Episcopal preacher Sarah Dylan Breuer, who blogs over at Sarah Laughed, has suggested this list of core beliefs to remind both factions of our divided communion that our similarities in essential matters may outweigh our differences. The comments below her post offer worthwhile additions, mainly emphasizing human sin and the necessity for grace. Other commenters note with dismay that some liberal churches within ECUSA now reject the very idea of collective agreement on doctrine. Sarah’s list:
Jesus is Lord. Jesus and the God who created the universe are one.For what it’s worth, I hang my hat on the Nicene Creed and Romans chapters 6-8.
The Old and New Testaments were inspired by God, and are useful for teaching and Christian formation (a la 2 Timothy 3:16-17).
Jesus of Nazareth was an actual historical person who was born of Mary, gathered disciples and taught, healed, and confronted evil powers in ministry the first-century Roman province of Palestine, and was crucified under Pontius Pilate’s authority.
Jesus of Nazareth was and is the Christ of God.
The God of Israel raised Jesus of Nazareth from the dead. I know some Christians struggle with this, but I believe this was a bodily resurrection, and the tomb was empty (and John Dominic Crossan never persuaded me that there was no tomb).
Jesus’ disciples met the risen Jesus — some had visions, some corporeal encounters (though Jesus’ body was different in some ways — e.g., he didn’t seem to need doors to be opened or unlocked to get into a room), but in all cases reported in the New Testament it was Jesus they met.
I think the list of canonical books in the New Testament is a good one. There is no non-canonical gospel that I would have liked to see in the canon, and no book currently in the canon that I’d exclude if I could.
I believe that the kingdom of God was inaugurated in Jesus’ ministry, and that Jesus will come again to realize fully his work among us.
I believe that the God of Israel has chosen Jesus, the Christ, as judge of the nations.
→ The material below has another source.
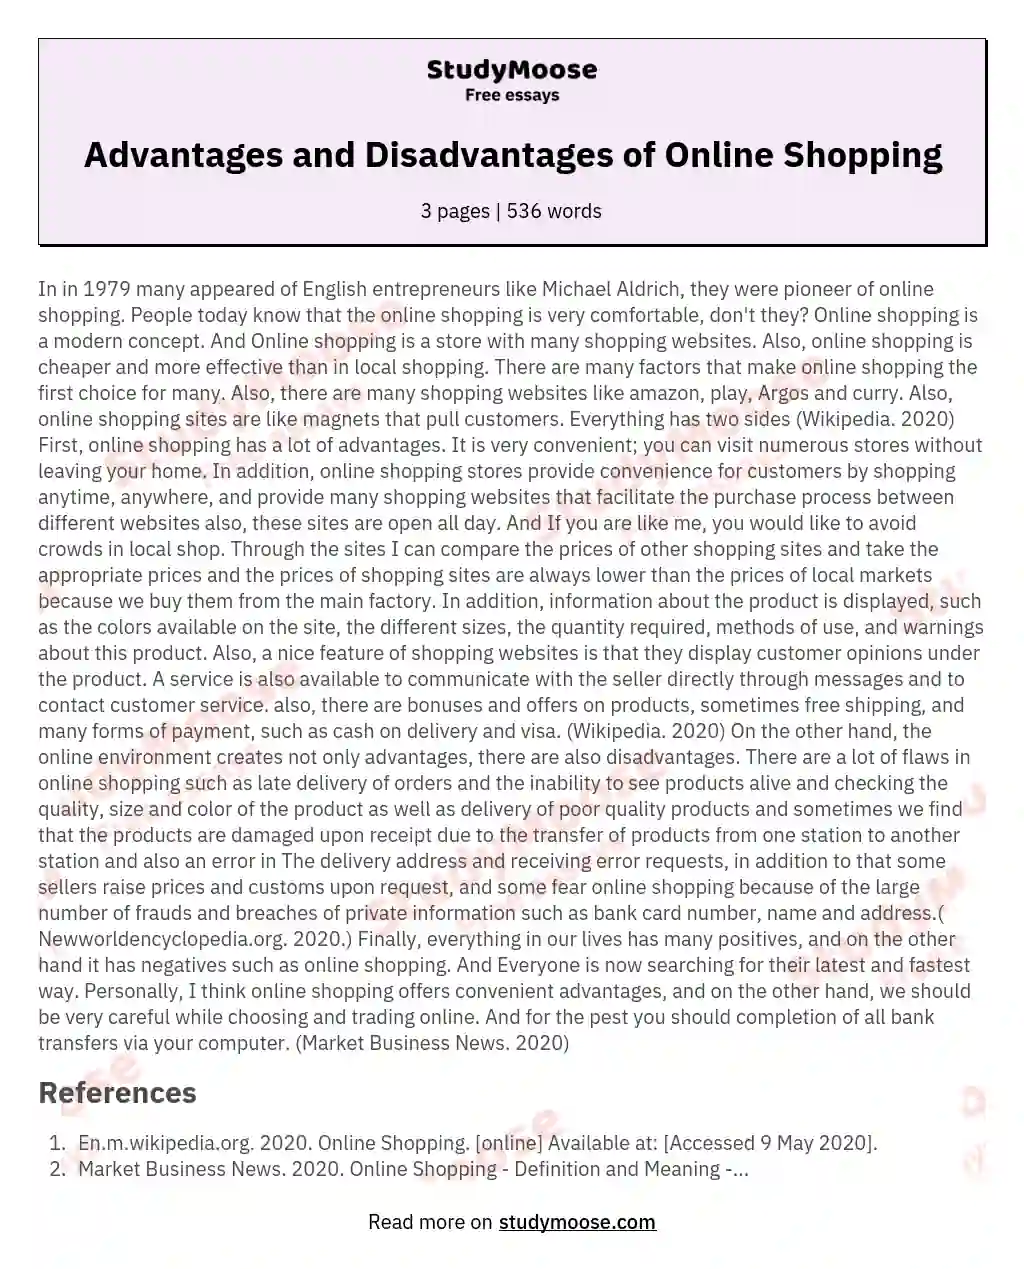 Advantages and Disadvantages of Online Shopping essay

I believe that Jesus is really present in the sacrament of the Eucharist.
I believe that Jesus is really present wherever people gather in his name.
Whatever our list of essentials, we have to decide when it is worth splitting the church over differences in interpretation. Are we all worshipping and loving the same Lord as revealed in Jesus? Then maybe this marriage can be saved. But if some of us define Jesus as “God incarnate who died for our sins” and others define him as “a good role model in a world where we must save ourselves through good works,” then the whole project may become too incoherent for us to pursue it under the same roof. The gay/straight division has become a proxy for so many deeper theological divisions that it does not correlate with at all — perhaps because fallen human beings would rather fight about morality than come together in our need for grace.